Chapter 3 Flashcards
(16 cards)
abscissa vs. ordinate vs. zero point
- abscissa: the horizontal or x axis
- ordinate: the vertical or y axis
- zero point: intersection of abscissa and ordinate
histogram
graph which uses bars to represent frequency or relative frequency
interval midpoint
on a histogram, the point halfway between apparent/real limits of an interval
frequency polygon
a graph that consists of a series of connected dots above the midpoint of each possible class interval (height of dots corresponds to frequency or relative frequency)
when to use histogram vs. frequency polygon?
- histograms often used for ungrouped frequency distributions of discrete variables and is good at displaying relative frequency
- frequency polygons often used for grouped frequency distributions and are good at comparing 2 or more distributions
bar diagram
- used for qualitative data
- similar to histogram, except there is space between the bars
pie chart
- used for qualitative data
- pieces of pie show frequency
cumulative percentage curve
- graph consisting of a series of connected dots above the upper real limits of each possible class interval (height of dots = cumulative percentage
- because the dots only increase and never come down, it can result in an ogive (s-shaped) curve
skewed distribution
- nonsymmetrical
- one tail slants either to the left (negatively skewed) or the right (positively skewed)

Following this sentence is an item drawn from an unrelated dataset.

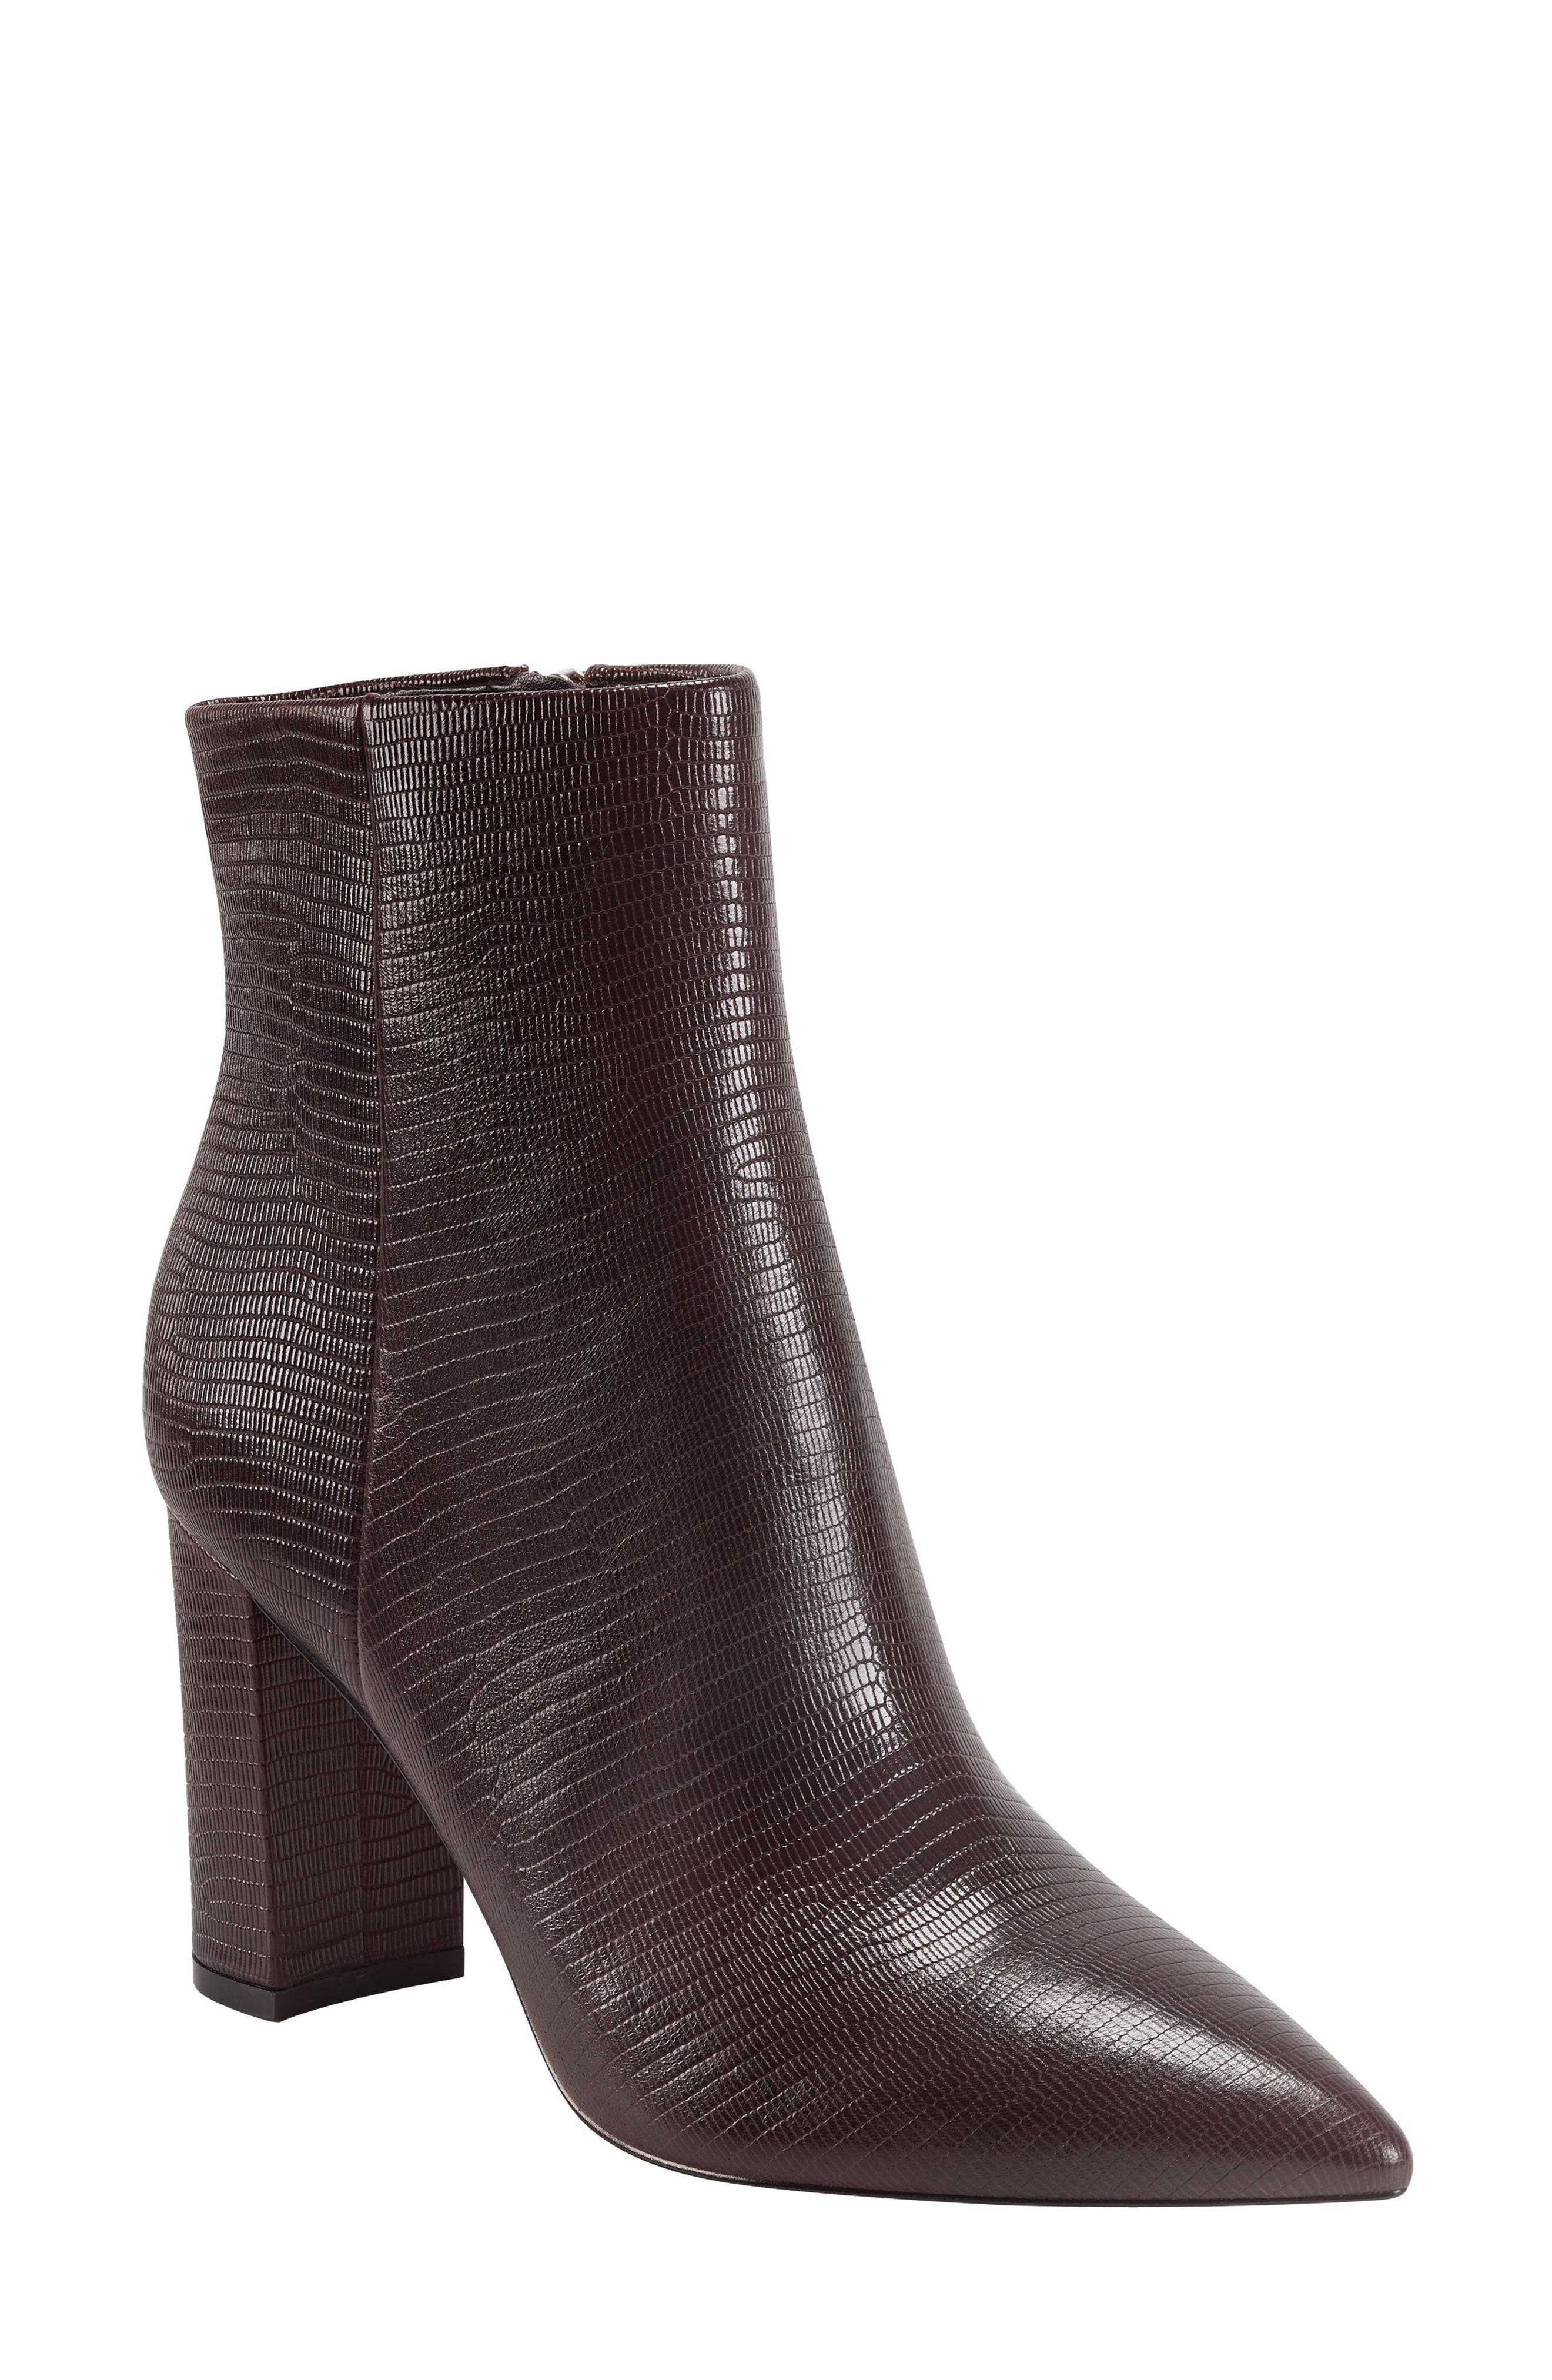 Marc Fisher Ltd Ulani Embossed Pointed Bootie In Bordeaux Leather

kurtosis (platykurtic, leptokurtic, mesokurtic)
- kurtosis: degree of peakedness of a graph
- platykurtic: distribution is flatter than normal curve
- leptokurtic: distribution is more peaked than normal curve
- mesokurtic: distribution is the same peakedness as normative distribution
normal curve
- symmetrical around a vertical line at the median
- ex. height of males, IQ scores
bimodal distribution
- 2 distinctly different points around which the scores tend to cluster
- bigger bump is the major mode and smaller bump is the minor mode
- ex. height of adults
rectangular distribution
- symmetrical distribution with a constant frequency for all values of x
- ex. rolls of 2 fair die
positively skewed distribution**
- distribution tails off towards higher end
- ex. income of working Canadians
negatively skewed distribution**
- distribution tails off towards lower end
- ex. Number of teeth for 50-year-old adults
J-shaped distribution
- highest (or lowest) score is the most frequent
- can be positively or negatively skewed
- ex. positive skew: number of chin-ups done by 80-year-olds